Dan Thisdell/London

For airlines, 2011 is looking like a year of solid growth. International Air Transport Association figures for May show passenger traffic globally up 6.8%, outstripping by a full percentage point airlines' capacity growth. The Association of European Airlines' May forecast stands at 5% growth in revenue passenger kilometres this year - up from the 3.2% estimated back in March.

At IAG, the merged British Airways and Iberia, June revenue passenger kilometres were up 9.2%, with particular strength in premium classes despite just 6.7% capacity growth. Alaska Airlines shows RPK up 7.9% in June, and capacity up 6.8%

But while demand for air travel appears to be growing, all is far from well. As IATA director general Giovanni Bisignani puts it: "We still expect the industry to make $4 billion this year. That is a pathetic 0.7% margin and another shock could alter the industry's fortunes dramatically. It's another tough year for a very fragile industry."

BLACK GOLD

What Bisignani didn't mention was oil. The trend in crude prices - closely followed by jet fuel rates (see chart) - has been downward, and many experts expect that trend to continue for a while yet. But the truth is that even if the downward momentum continues to the $102/barrel or so, some forecasters say that for late 2011 or early 2012, airlines will be operating in an expensive environment compared with the relatively benign conditions that prevailed during 2010, when Brent crude averaged $80/barrel and the airline industry racked up an all-time profit record of $15 billion.

Fuel prices 
 The recent trend in jet fuel rates has been downwards

When airlines start posting their half-year financials in a few weeks, oil prices are certain to weigh heavily. Bisignani's expectation of an industry profit may start to look doubtful.

The problem facing airlines trying to adjust is that their costs are roughly 40% internal - staff and facilities and fleet - and 60% external, including all the variable costs like passenger duties, landing fees, air traffic control charges and fuel. Office and staff costs have already been slashed, so it's hard to cut much more out of that 40%.

As the Association of European Airlines notes, fuel represented 25% of operating costs in 2010 but this is now 28%, assuming best-case hedging contracts against movements in fuel prices and the dollar-euro exchange rate.

The price of oil is impossible to forecast at the best of times, but forecasters face a daunting task right now, following the June decision by the International Energy Agency to release 60 million barrels, over 30 days, of its 1.6 billion barrel strategic reserve. The immediate impact was, as hoped, a dip in the price, from about $112 down to $103, and cynical market watchers are suggesting that the IEA's move was driven from Washington, DC, anxious to take the edge off gasoline prices before voters fill their tanks to drive away on summer vacations.

Brent rapidly recovered most of its pre-release price. Leo Drollas, chief economist at the Centre for Global Energy Studies in London, does expect Brent to average about $8/barrel less during the third quarter than without the IEA release, and he sees Brent trending downward to about $102 in January or February. But, after that, it should gain about $10 to finish next year right where it is now. Bank of America Merrill Lynch expects a 2011 average of $102.

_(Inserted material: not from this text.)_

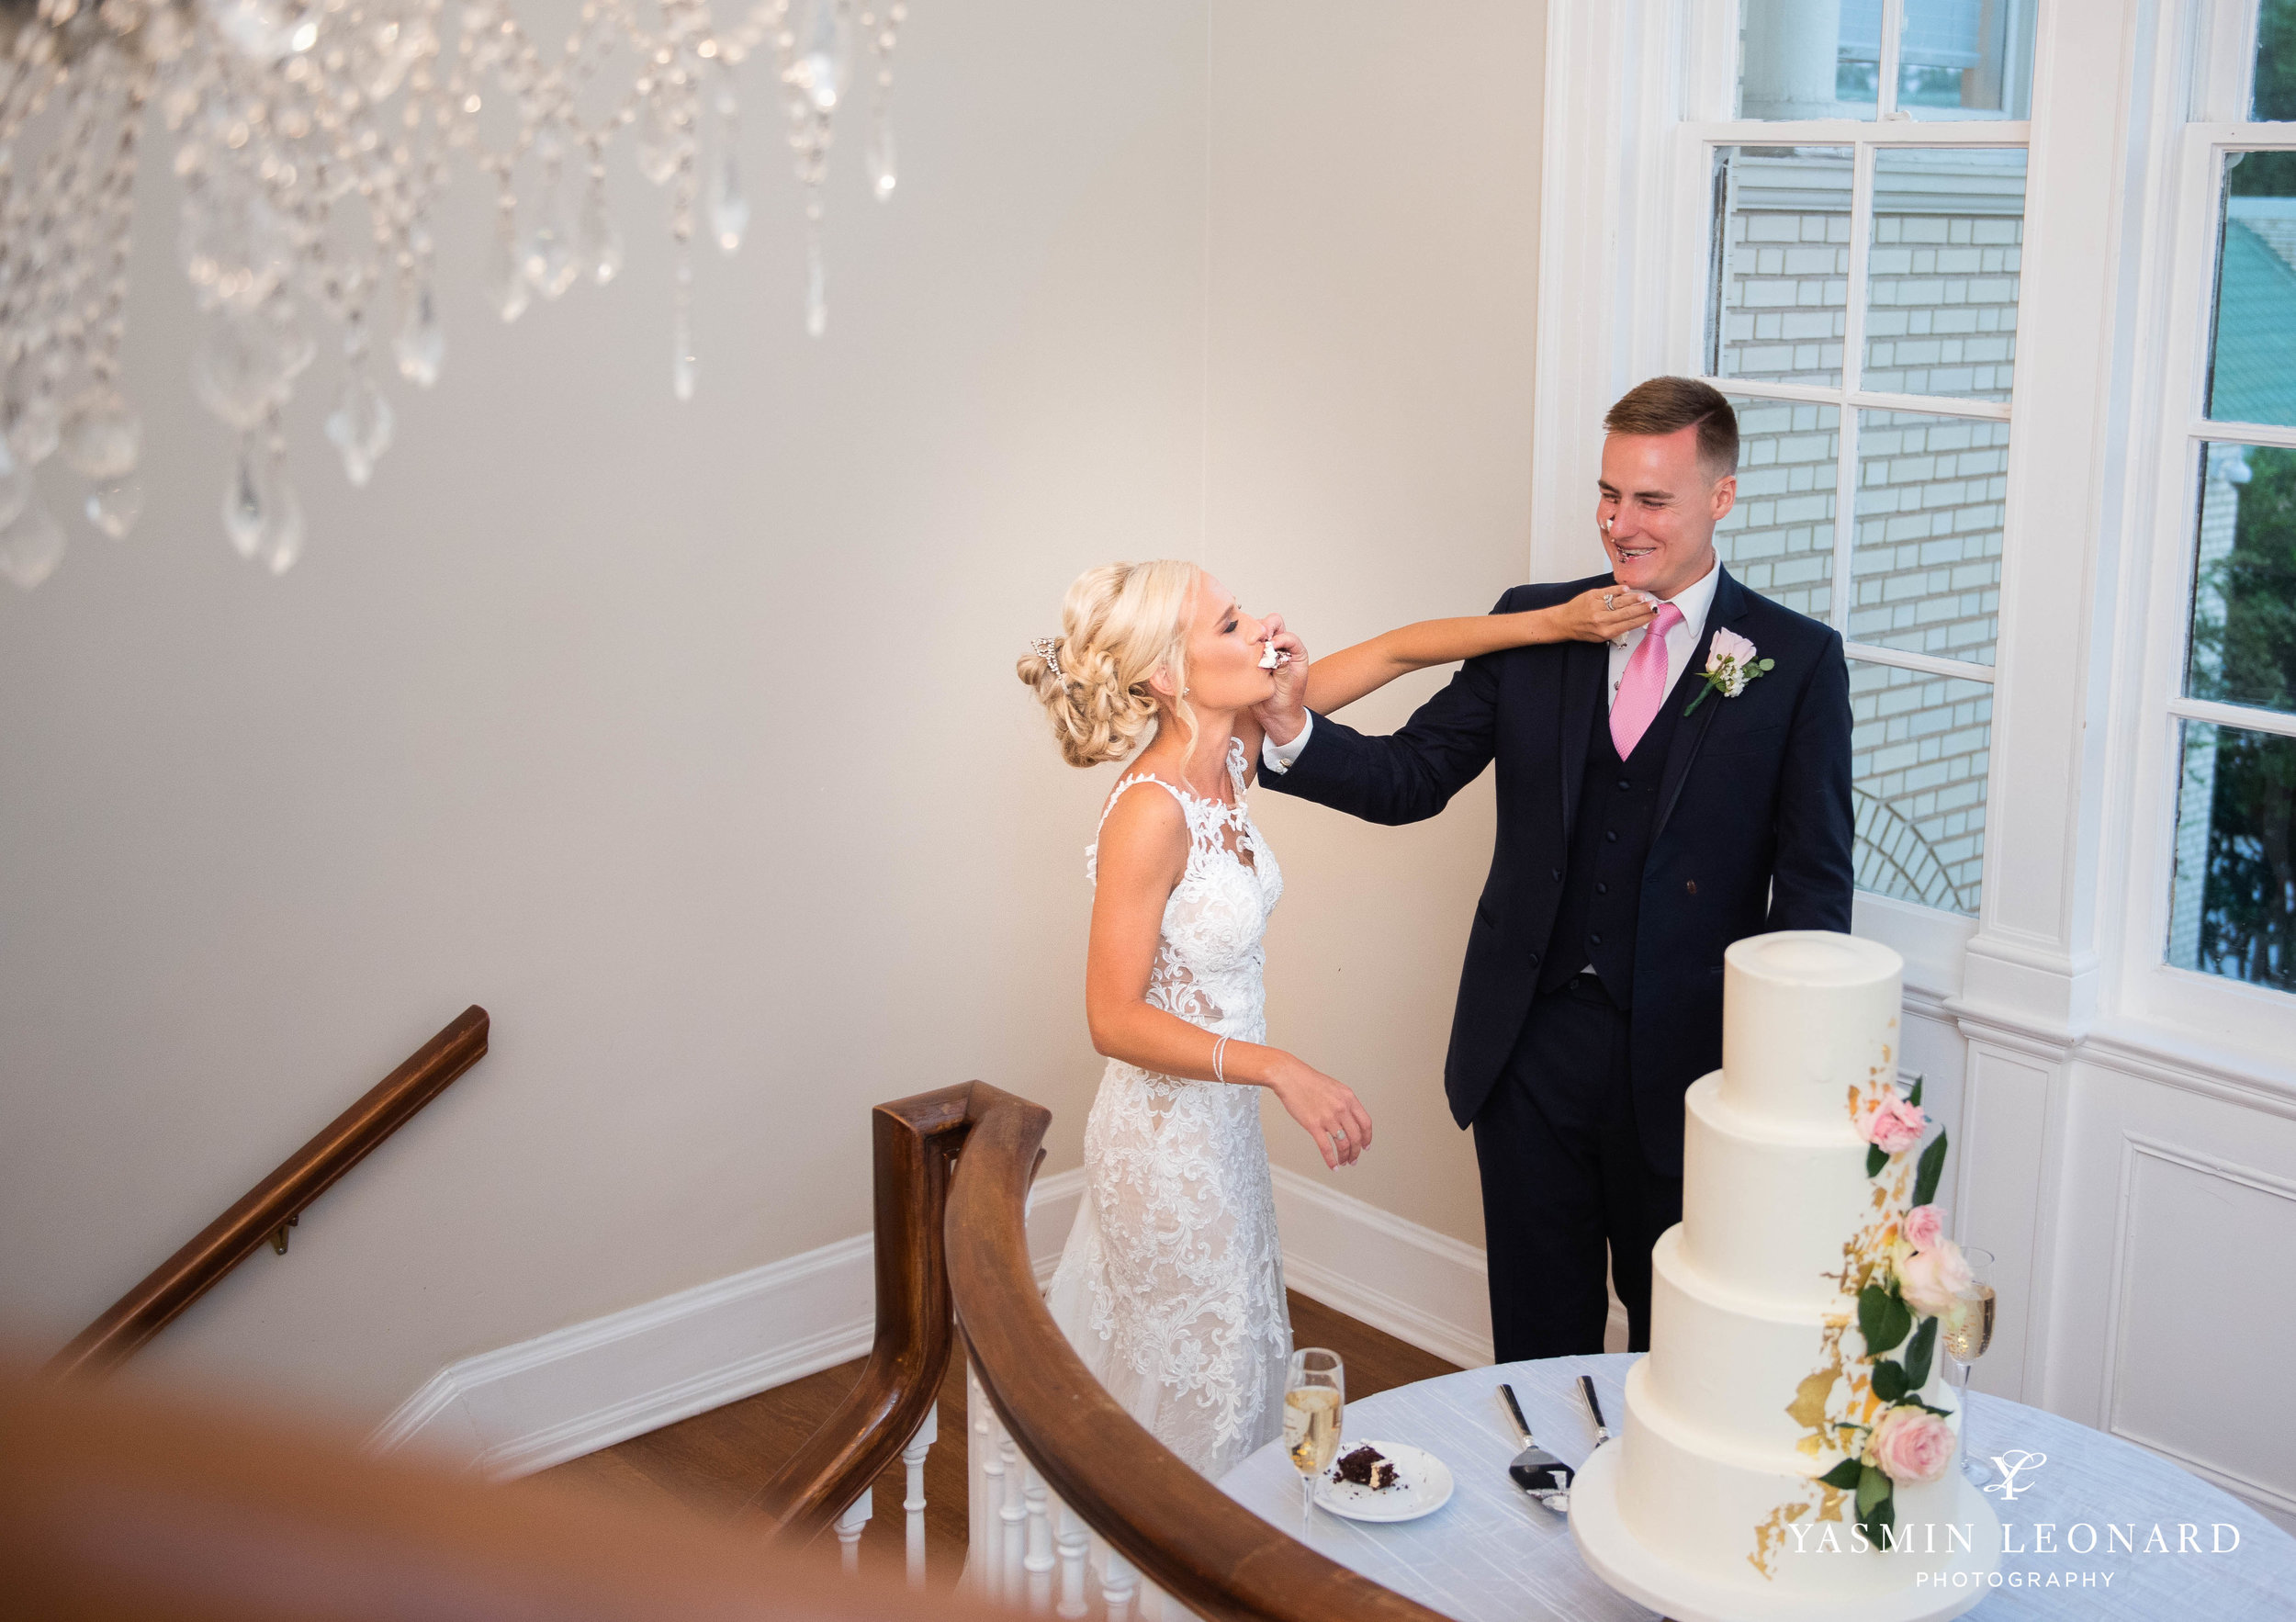 Separk Mansion - NC Weddings - Gastonia Wedding - NC Wedding Venues - Pink and Blue Wedding Ideas - Pink Bridesmaid Dresses - Yasmin Leonard Photography-58.jpg

The trouble, in Drollas's view, is that the IEA introduced a heap of volatility to the oil market. Traders will be asking whether another release will come later in the year, and, he says, Saudi Arabia's reaction is difficult to anticipate. The Saudis were probably prepared to increase production to make up for the loss of Libyan output, but are not pleased with the IEA's action, and in any case, are furious about the "embarrassing fiasco" of the OPEC June meeting collapsing with no agreement on how to respond to Libya.

For airlines, it's hard to know where the silver lining lies. As desperately as they need respite from high fuel prices, perhaps the most significant factor driving oil prices is the overall health of the global economy. There, the signs aren't good; Drollas notes that demand for gasoline, diesel and jet fuel have all been slowing.

Or, as Royal Bank of Scotland transport analyst Andrew Lobbenberg puts it, the real issue is whether or not airlines can pass high fuel costs on to passengers. The summer travel season looks solid, but weak consumer confidence might soon price out leisure travellers. If business travellers also cut back, the winter could be a hard one for airlines.